I'm honestly terrified that this is the swan song of my life...that I'm going to exist as some cautionary tale for other people. I've already ruined all of the chances and oppurtunities that I had in my 20's....I've never felt as alone as I do now...staring at 30 and back a life wasted.

I appologize for the self indulgant rant :) I want to get out this place so baddly...but the truth is I'm afraid that I have given up on myself. I want to be sober, normal, and worthy of the love of those around me...but the one person that matters, myself, doesn't seem to have my back anymore....or to even belive in me.

Maybe I will try again, but as I sit here with everything coming down around me, all I want is to run away into that feeling because, even if it doesn't fix my life, it sure makes it easier to get through the days.

Helpful - 0
Avatar universal
Yes...it's a bad road you find yourself on.  Are you trying to quit again? Have you given up on that?

You know you need to do something different this time and I hope you do!  I hate to see families left cold and broken by addiction.  Have you ever asked for help? Gone to AA/NA?
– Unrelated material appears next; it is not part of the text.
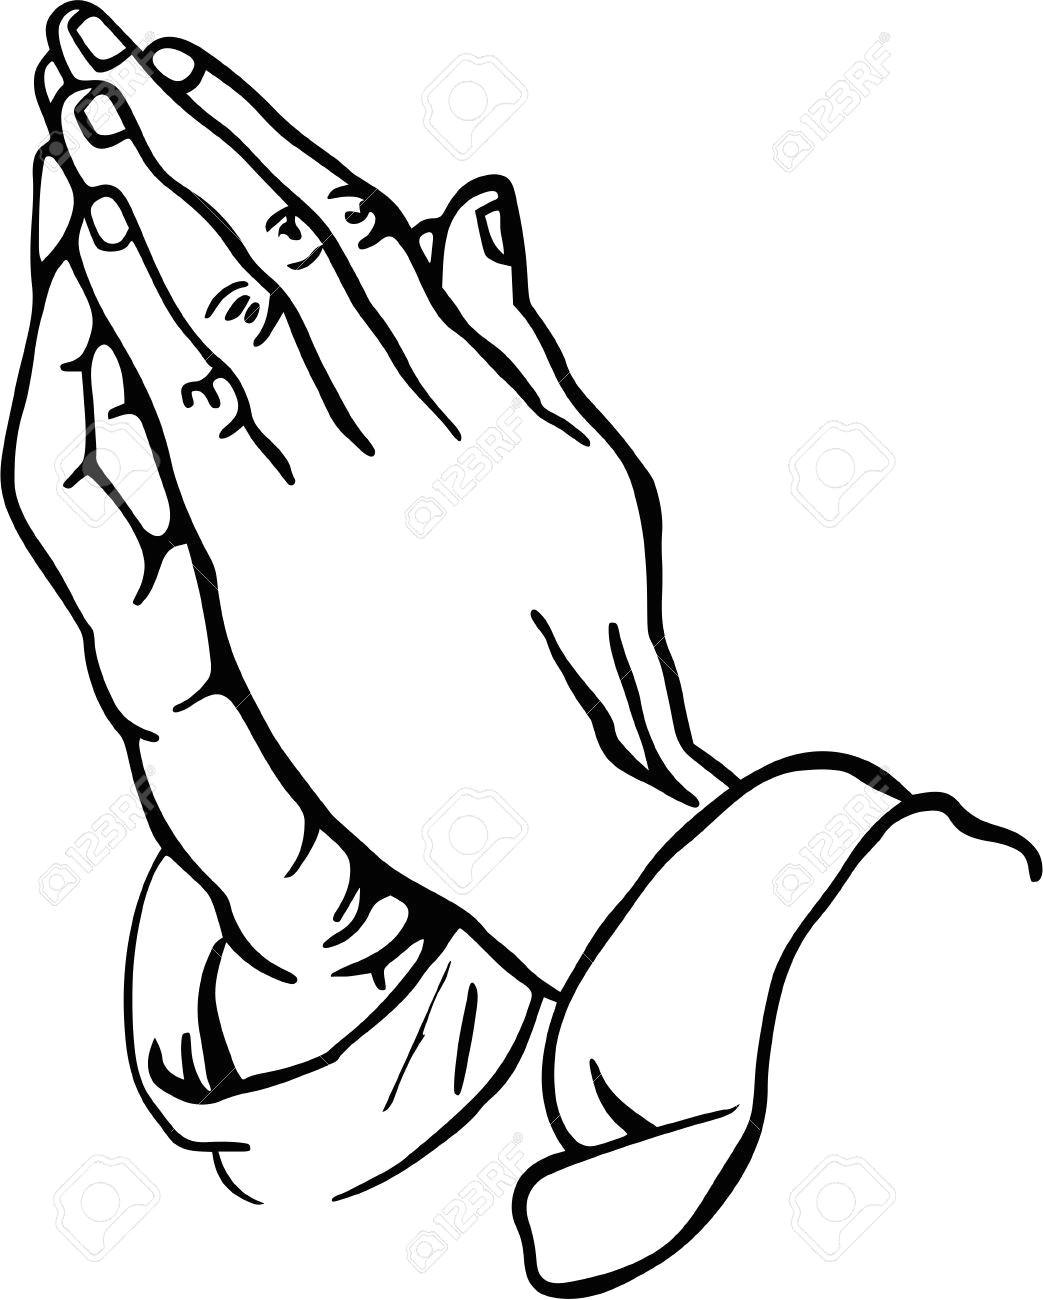 Drawings Of Prayer Hands Praying Hands Clipart Craft Ideas Pinterest Praying Hands
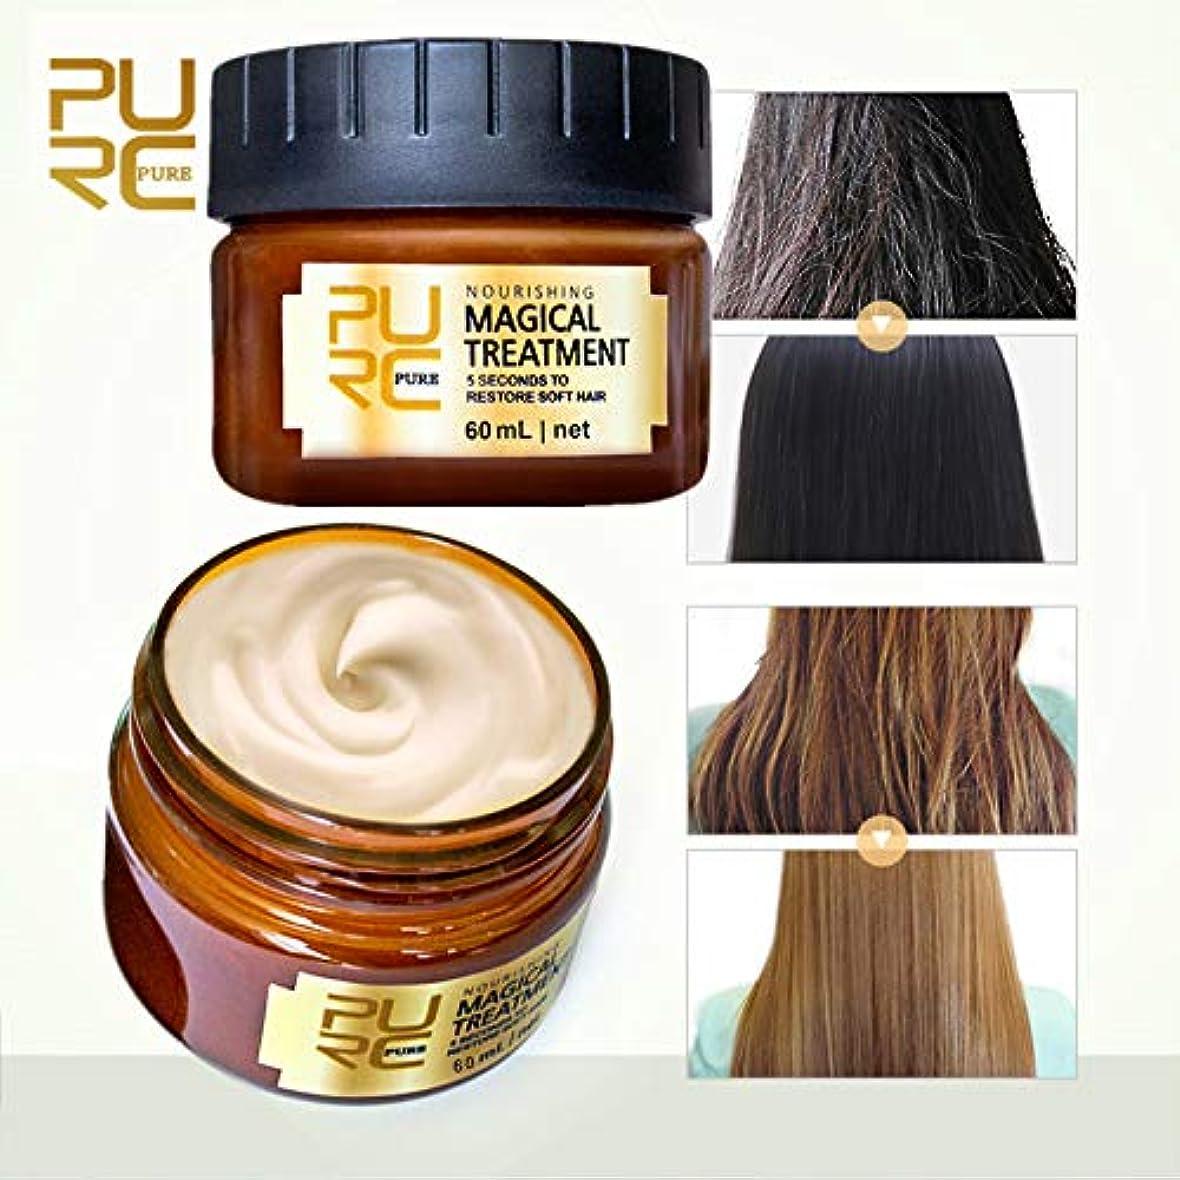 呼び起こす織るファセットベストプライス - 3本x 60mlマジカルヘアトリートメントマスク5秒 ダメージを回復しますソフトヘアケラチンヘアケア&スカルプトリートメント (3pcs X 60ml Magical Hair Treatment Mask...

There's plenty of help out there...get going on that!!
Helpful - 0
1697690 tn?1329123638
Just read your story and those last few sentences I relate to so much. Through all the pain and consequences I have racked up, many days I sat waiting...watching my phone, praying my dealer was calling. Its sad, the control the drugs take over us and the pain we cause our loved ones. I am on day 2 of oxycontin detox. I was snorting about 5 80mg pills a day. My wd is so bad right now, death is an understatement!! So i know how u feel, it hurts just to sit and try to type this. I am wondering, are you willing to try to get sober again? Or try like a rehab or something? Dont give up on yourself, dont let the addiction and the drugs win. I am trying again, i dont want to give up on myself, i want more in life then to be a dope fiend drug addict, which is all i am right now. My toughts are with you and i hope you find a way out of your struggles and pain.